Littérature française

Nicolas Delesalle

La mère, la guerre et l’enfant

L'entretien par Linda Pommereul

Librairie Doucet (Le Mans)

En reportage en pleine guerre d’Ukraine, un journaliste français plonge au cœur de ses origines russes, dans cette terre qui, par ces racines, nourrit l’histoire familiale. Un récit comme une valse macabre qui témoigne de cette tragédie où Nicolas Delesalle écoute les voix de ceux pour qui le temps s’est suspendu.

Valse russe, pourquoi ce titre ? Comment vous est venue l’idée d’écrire ce roman ?

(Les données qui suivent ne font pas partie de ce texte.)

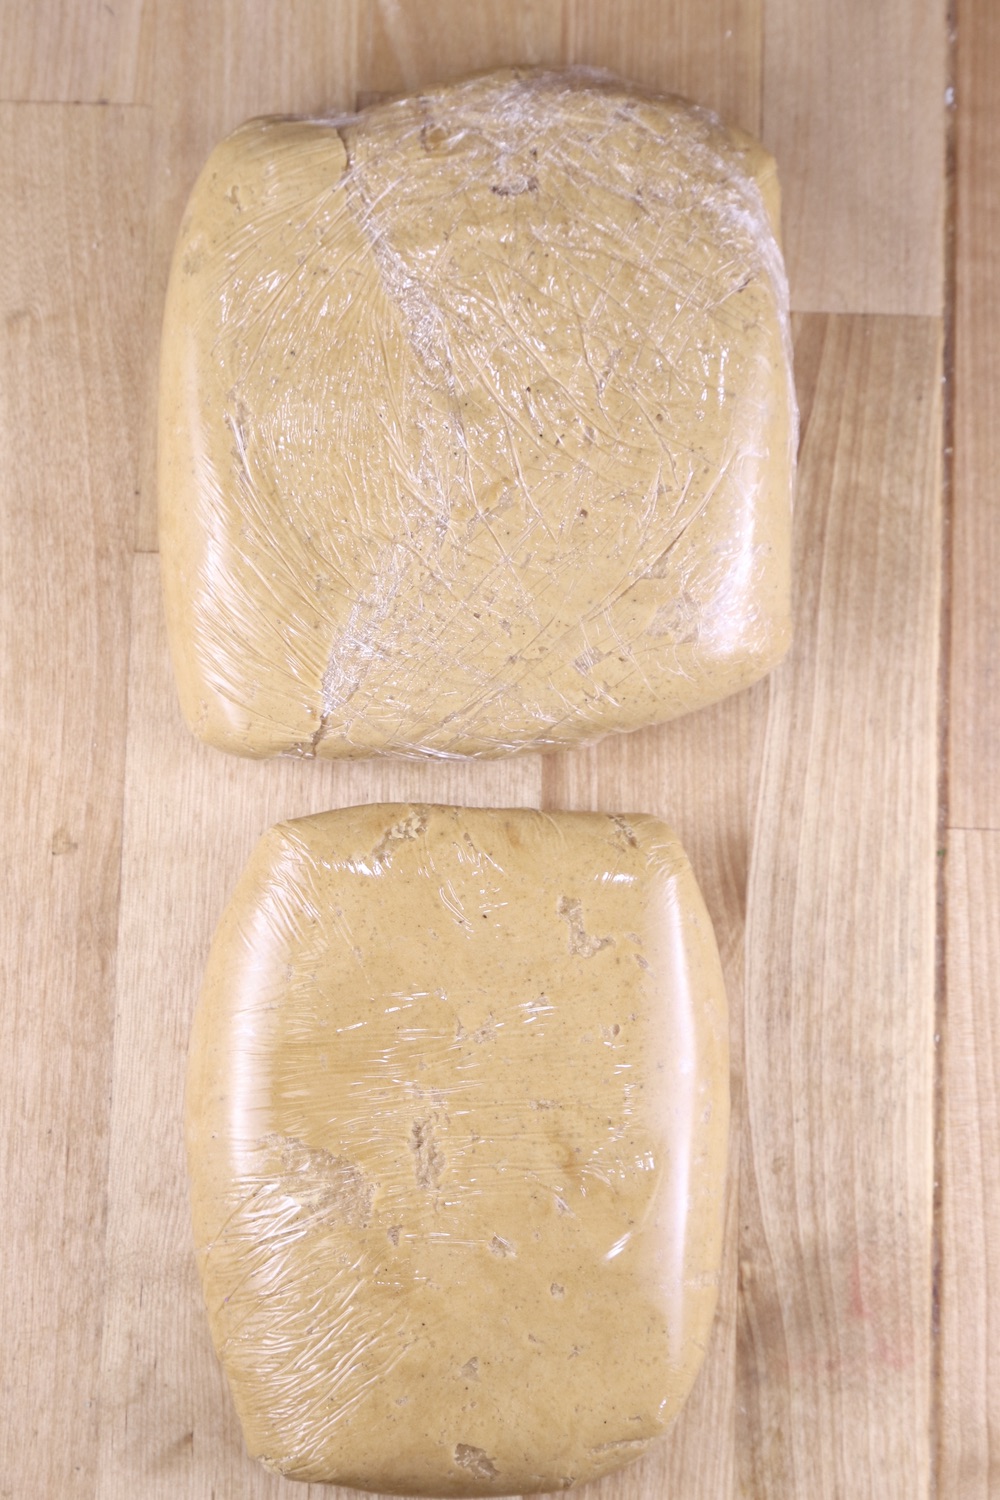 Gingerbread Cookie Dough in 2 squares wrapped in plastic wrap.

Nicolas Delesalle - Comment tout a commencé ? Je suis reporter de guerre. Je couvre la guerre en Ukraine et je suis devant des ruines. Une femme pleure toutes les larmes de son corps. Ma mère est d’origine russe, issue d’immigrés de la révolution. Elle a été ma professeure de russe. J’étais son pire cauchemar parce que je parle très mal le russe et je suis incapable de mener une interview avec cette femme qui a tout perdu. J’ai alors cette idée un peu baroque d’appeler ma mère qui s’inquiète pour son fils quand il part en reportage. Je lui demande de traduire ce que dit cette femme qui s’arrête de pleurer quand elle l’entend. Ma mère d’origine russe me traduit les mots d’une Ukrainienne qui parle russe, dont la vie vient d’être détruite par des Russes. Je suis là devant cette scène, complètement sidéré et là germe une idée. Ma mère a passé sa vie à expliquer aux gens que les Russes sont des gens normaux, mais son château s’est effondré le 24 février. Avec cette guerre, j’ai commencé à m’interroger sur ce qui était russe en moi, sur mes origines, sur ce que j’avais inventé pour correspondre à cet héritage. Je me suis dit, vas-y, tu dois écrire quelque chose. Et là, je me suis souvenu d’un ami reporter de guerre, Boris, qui avait écrit un papier sur un prisonnier Wagner qui se lie d’amitié avec son geôlier ukrainien.

 

Un récit qui inspire le premier temps de la valse ?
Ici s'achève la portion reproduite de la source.